Note that Excel is a numeric calculation program and values of type `Double` are not exact values. The decimals are (as with any standard calculator too) only calculated up to a defined precision.
So a `Double` type `3` is not a `3` but something very close to `3` like `2.99999999999998`. So the Log function returns a `Double` and also a devision `Log(1000) / Log(10)` returns a `Double` and this is not exactly `3` but very close to `3`.

Note that this is not a bug but in the nature of numeric calculations which are never exact but only precise, while algebraic calculations can be exact.

The same problem occurs when comparing values of type `Double`:

``````If DoubleA = DoubleB Then 'might not work
``````

Here you need to use something like

``````If (DoubleA - DoubleB) ^ 2 < (10^ - Digits)^2
``````

where `Digits` is the number of digits that need to be the same. Example

``````DoubleA = 0.9999999999
DoubleB = 1.0000000001
``````

then `Digits` needs to be `<= 9` to consider them as equal.
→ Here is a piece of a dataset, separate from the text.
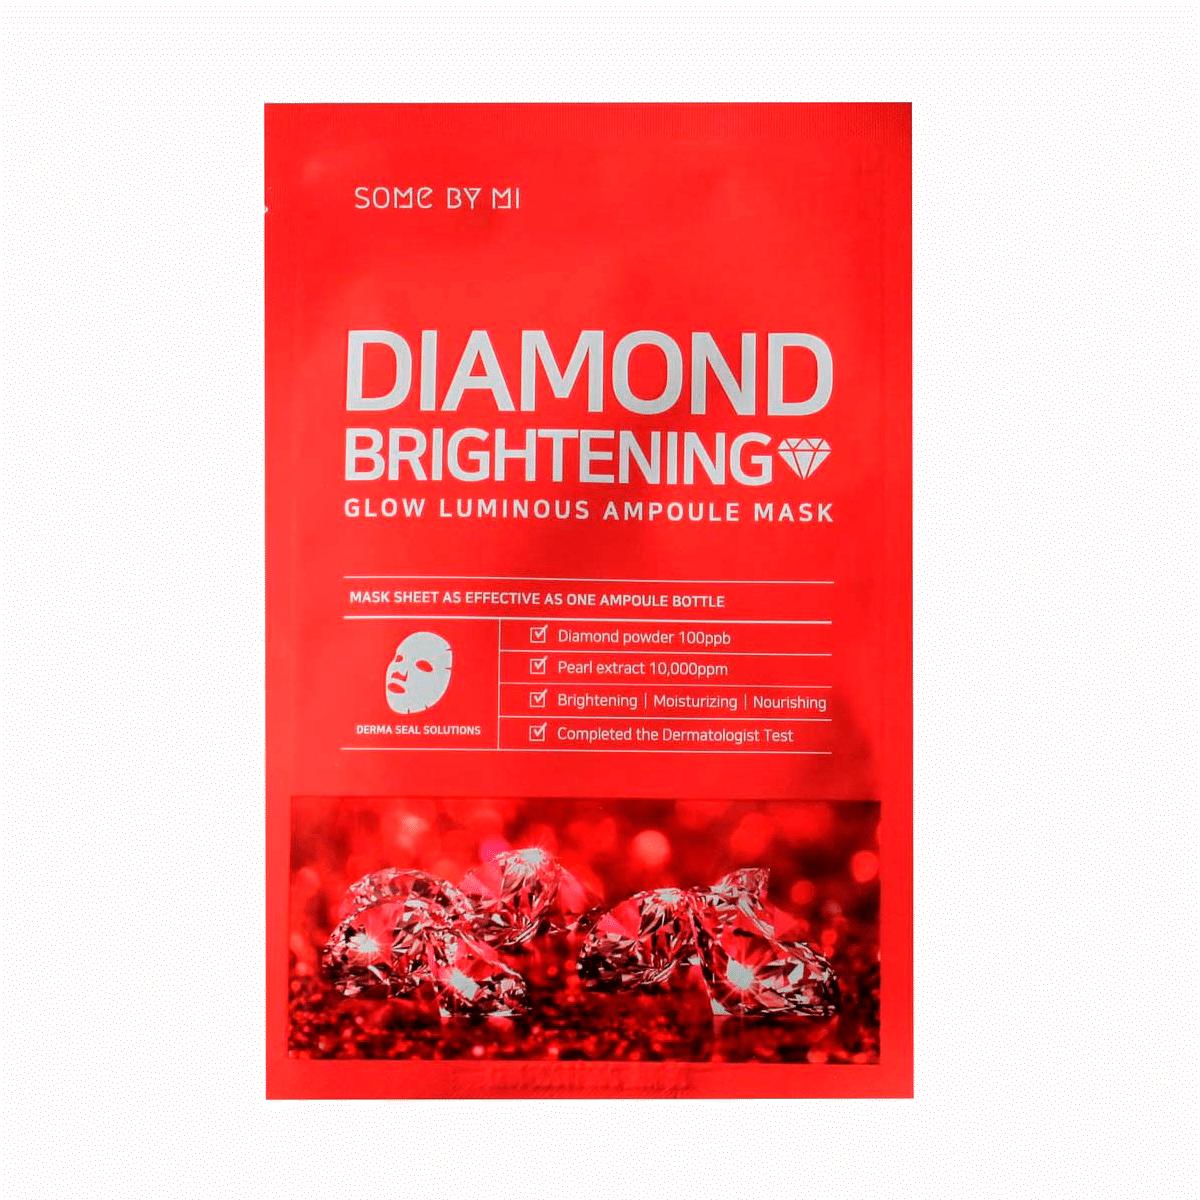 Some By Mi - Diamond Brightening Calming Glow Luminous Ampoule Mask 1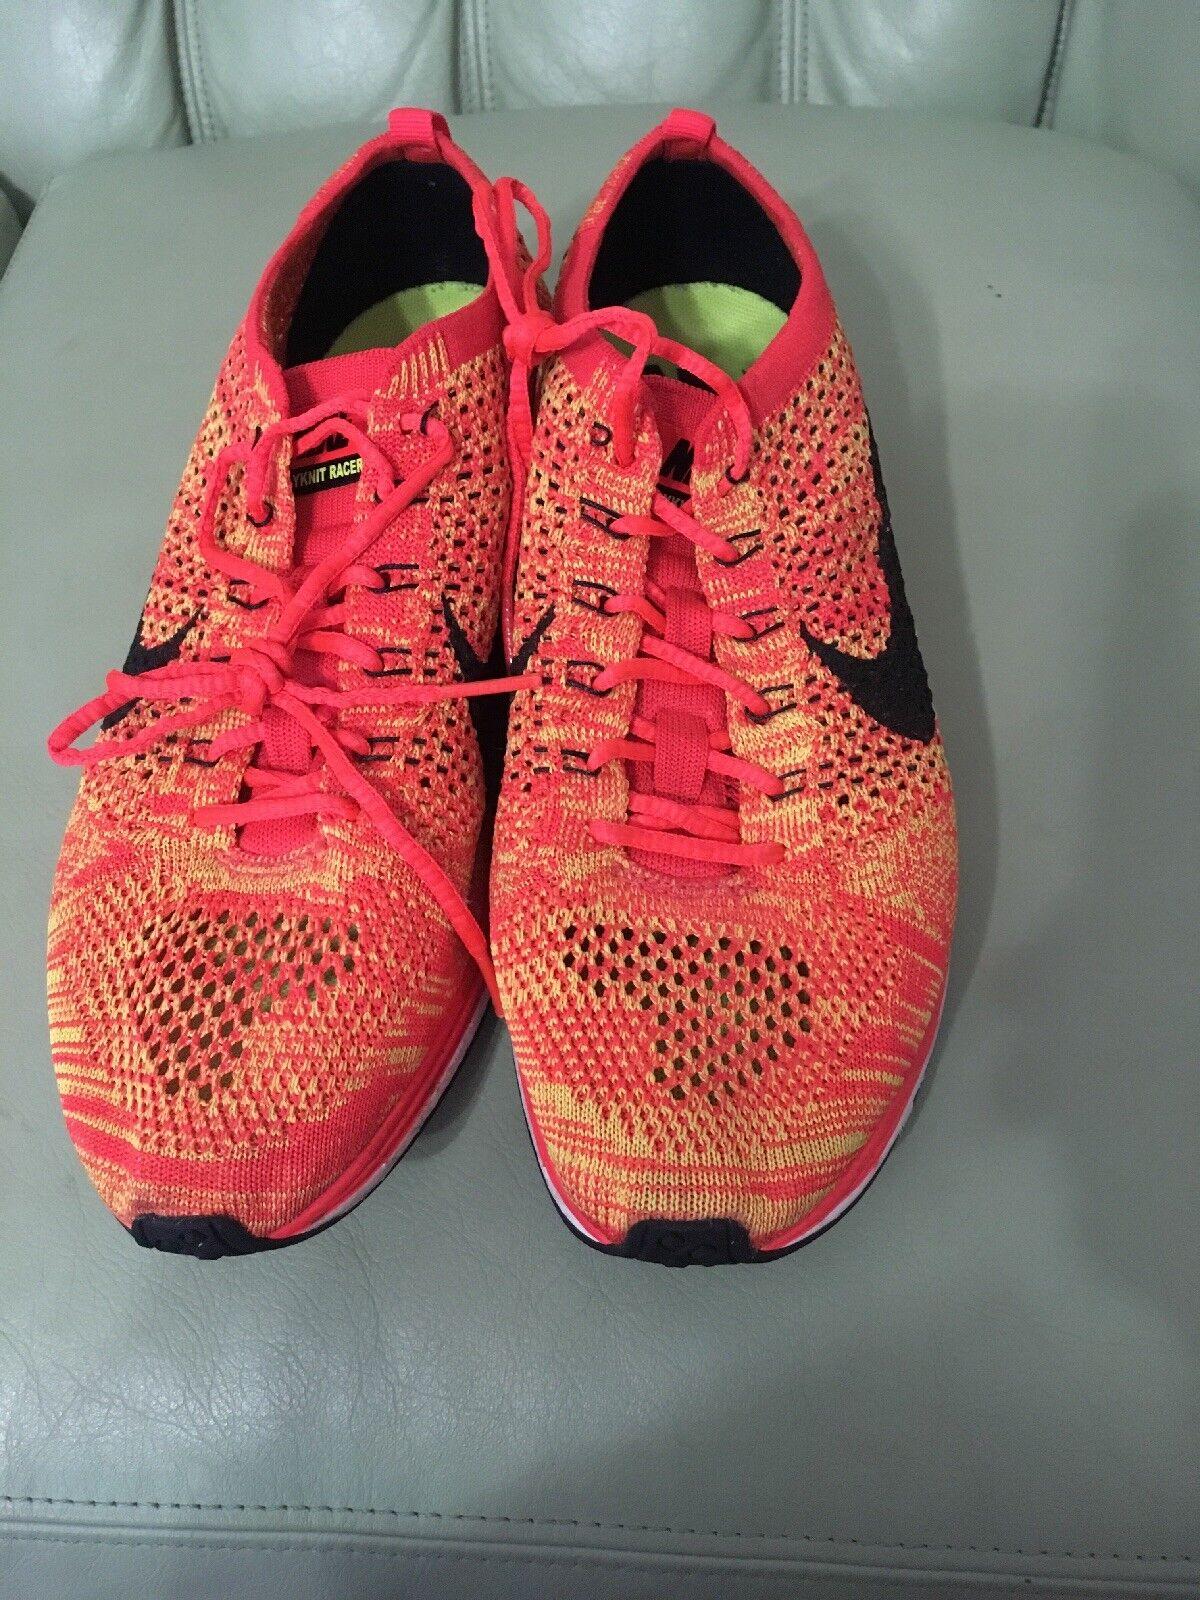 Nike Nike Nike flyknit racer misura 7,5 uomini o donne numero 9 | Nuovo 2019  | Uomo/Donna Scarpa  ac1e11

If you need to do that often then it comes handy to use a function for that:

``````Option Explicit

Public Function IsDoubleValueTheSame(DoubleA As Double, DoubleB As Double, Optional Digits As Long = 12) As Boolean
IsDoubleValueTheSame = (DoubleA - DoubleB) ^ 2 < (10 ^ -Digits) ^ 2
End Function
``````

and call it like

``````Debug.Print IsDoubleValueTheSame(0.9999999999, 1.0000000001, 9)  'true
Debug.Print IsDoubleValueTheSame(0.9999999999, 1.0000000001, 10) 'false
``````

So to come back to your initial example:

``````Debug.Print Log(1000) / Log(10) = 3 'false
Debug.Print IsDoubleValueTheSame(Log(1000) / Log(10), 3, 15) 'true
Debug.Print IsDoubleValueTheSame(Log(1000) / Log(10), 3, 16) 'false
``````

which means `Log(1000) / Log(10)` is actually `3` precise up to `15` digits and the 16ᵗʰ digit is different.